Slow but Steady Climb Back to Normal | Pound Ridge Real Estate

Local economies continue to move toward economic and housing normality according to the NAHB/First American Leading Markets Index. The national index moved one percentage point to .91 in the first quarter of 2015 and 4 percentage points from the same quarter last year.

The index measures proximity to normal through three elementary indicators of economic and housing stability: the level of single-family housing permits, home prices and employment as compared to the last period of normality for each. A value of one means that indicator has returned to normal. The three are averaged for a single measure. More than 350 metropolitan areas are scored in this fashion.

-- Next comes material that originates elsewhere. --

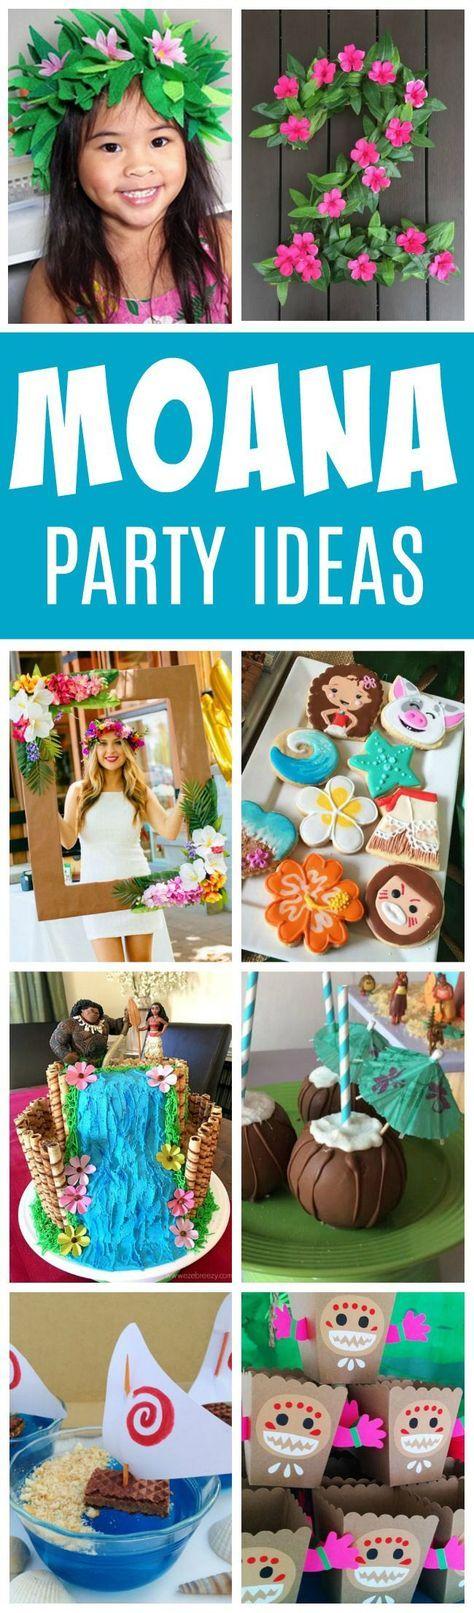 27 Disney Moana Birthday Party Ideas   Pretty My Party

In the first quarter of 2015, 68 markets or metropolitan areas had an index value of one or greater, an increase of 7 markets in one year. The increase is heavily driven by the increase in metro areas employment index. The number of markets back to or above normal in employment levels increased from 30 to 56 over the year. The number of markets returning to house price levels last seen in the early aughts has remained high at 95% of all metros measured. The slowest indicator to return to normal has been single-family permits as only 7% of the listed metros are issuing as many or more permits compared to the early aughts.

The markets leading in recovery are leading in employment and vice versa. Strong employment growth leads to the need for more homes and the markets showing the greatest improvement are in strong employment markets, primarily in energy production and refining. Half of the 68 metros with an index value of one or above are in the oil/energy belt in the middle of the country.

Note: The publicly available data used to compute the LMI reflects the updated boundaries and list of Metropolitan Statistical Areas made by the Office of Management and Budget (OMB) as a result of the 2010 Decennial Census. The historic data used for comparison were also updated to reflect post-2010 geography.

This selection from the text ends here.